Fergus Gordon Thomson Kerr  (born 16 July 1931) is a Scottish Roman Catholic priest of the English Dominican province. He has published significantly on a wide range of subjects, but is famous particularly for his work on Ludwig Wittgenstein and Thomas Aquinas.

Biography 
Following his education at Banff Academy and his service in the RAF (1953–1955), Kerr entered the Order of Preachers in 1956. He was ordained to the priesthood in 1962. Kerr studied in Aberdeen, Paris, Munich, and Oxford. He was a student of Donald M. MacKinnon, John Holloway, and Cornelius Ernst. From 1966 to 1986 he taught philosophy and theology at the University of Oxford.

In service to the English Dominican province, Kerr was Prior at Blackfriars Hall, Oxford from 1969 to 1978. From 1992 to 1998 he served as Prior at Blackfriars, Edinburgh.  In 1998, he returned to Blackfriars, Oxford, where he served as Regent until 2004. Kerr served as the Director of the Aquinas Institute, Blackfriars, Oxford and is the editor of New Blackfriars, the bimonthly journal of the English Dominicans (1995–present).

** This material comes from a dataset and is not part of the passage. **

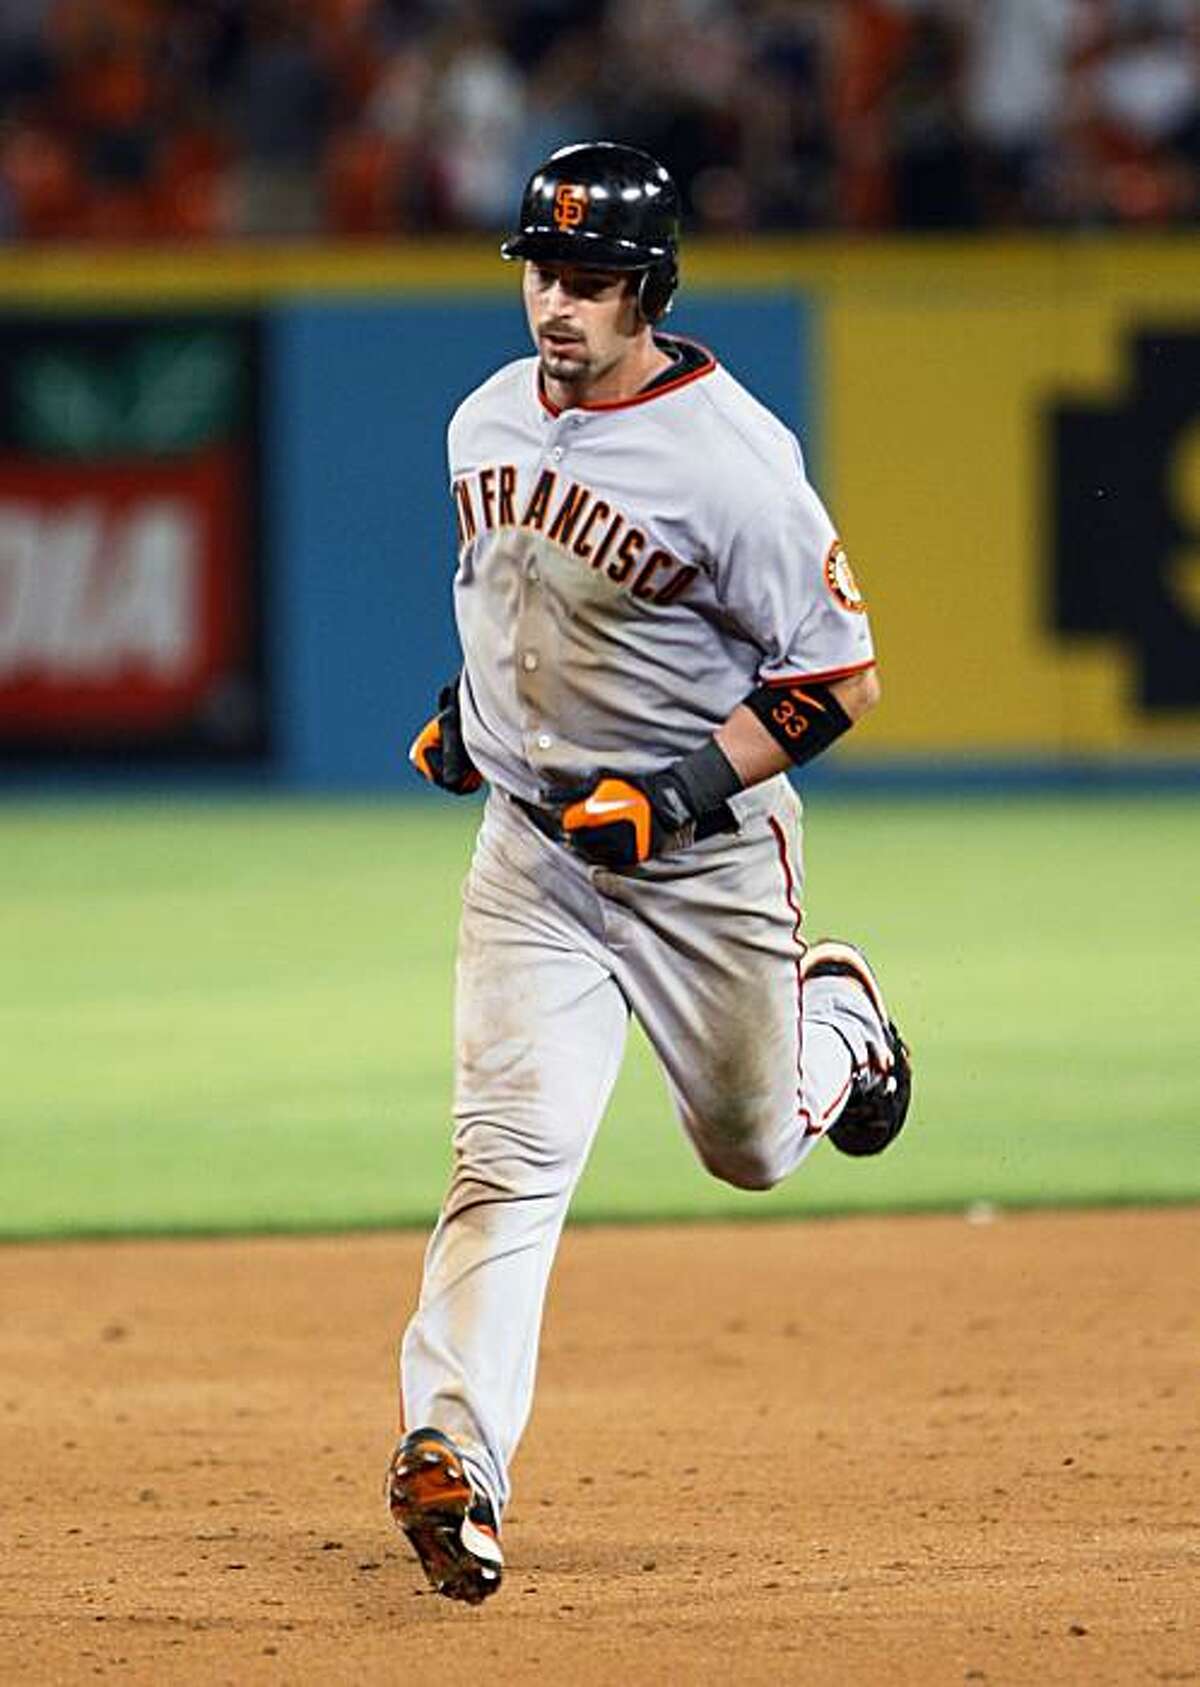 San Francisco Giants' Aaron Rowand rounds second base after he hit a two-out solo home run during the ninth inning of a baseball game against the Florida Marlins, Tuesday, May 4, 2010 in Miami. The Giants defeated the Marlins 9-6 in 12 innings.
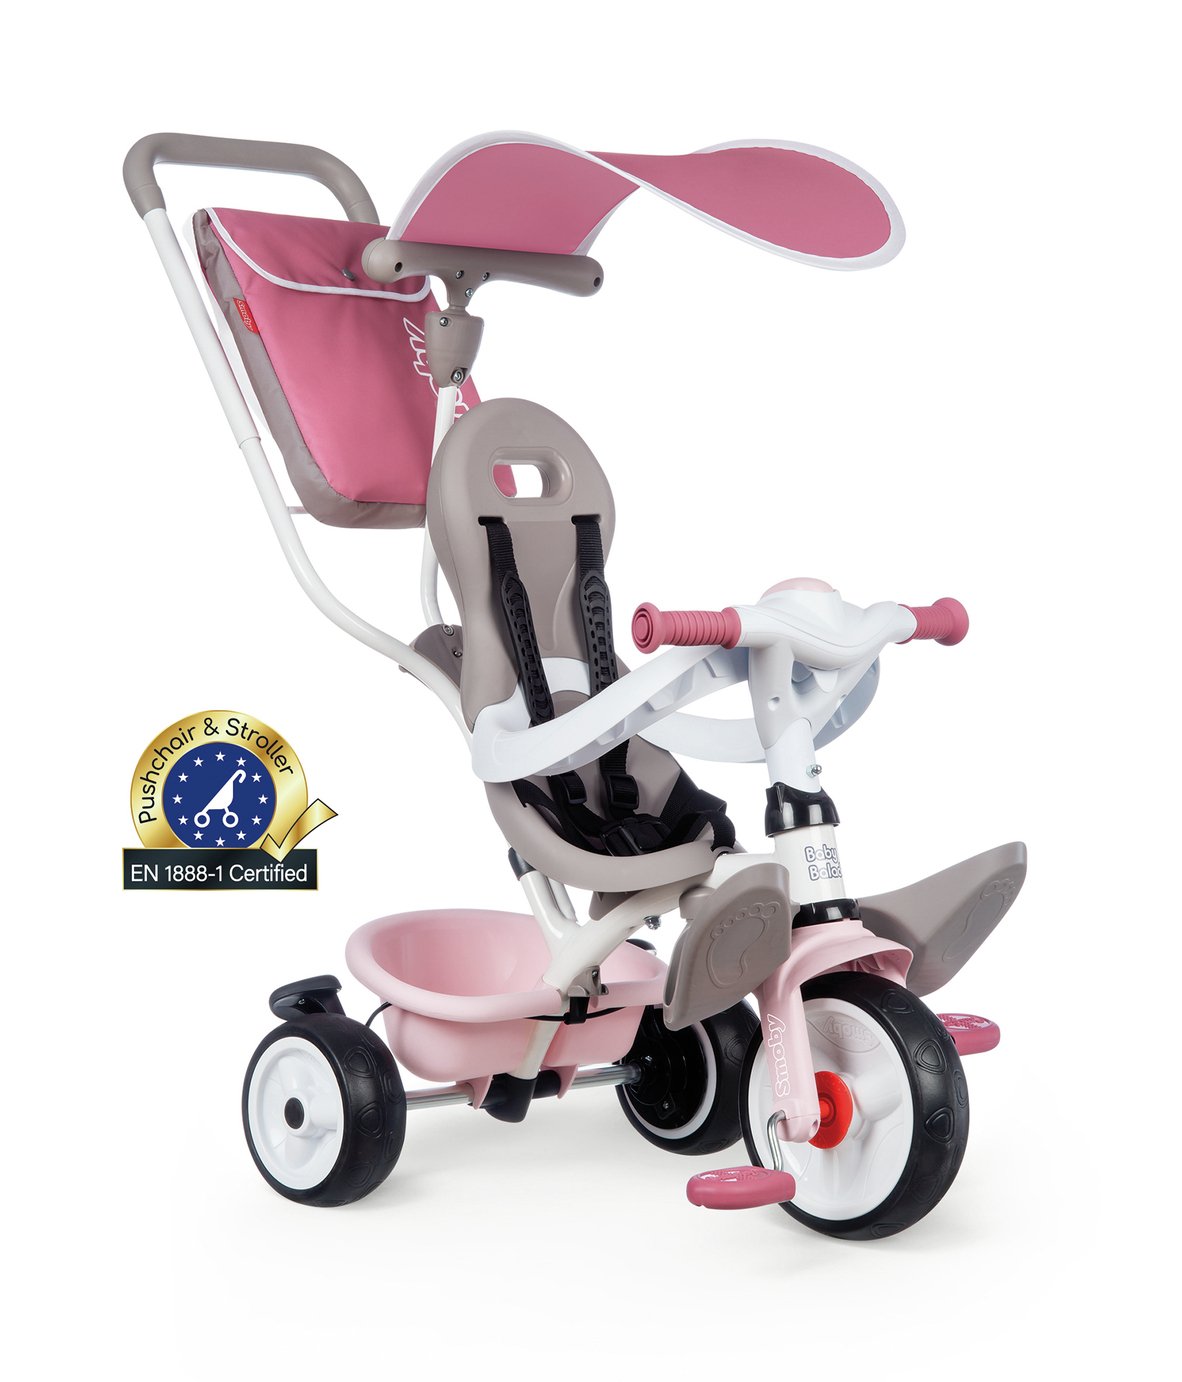 Smoby Baby Balade 3-in-1 Trike Ride On review

Currently, Kerr is affiliated with Blackfriars, Edinburgh, where he lives and works. He holds an honorary fellowship in the School of Divinity, University of Edinburgh and has a role in the university's Catholic chaplaincy team. He is also an Honorary Professor of St. Andrews University, a distinction he has held since 2005. Kerr belongs to the Catholic Theological Society of Great Britain, of which he was president from 1992 to 1994.

A festschrift was prepared in Kerr's honor entitled Faithful Reading.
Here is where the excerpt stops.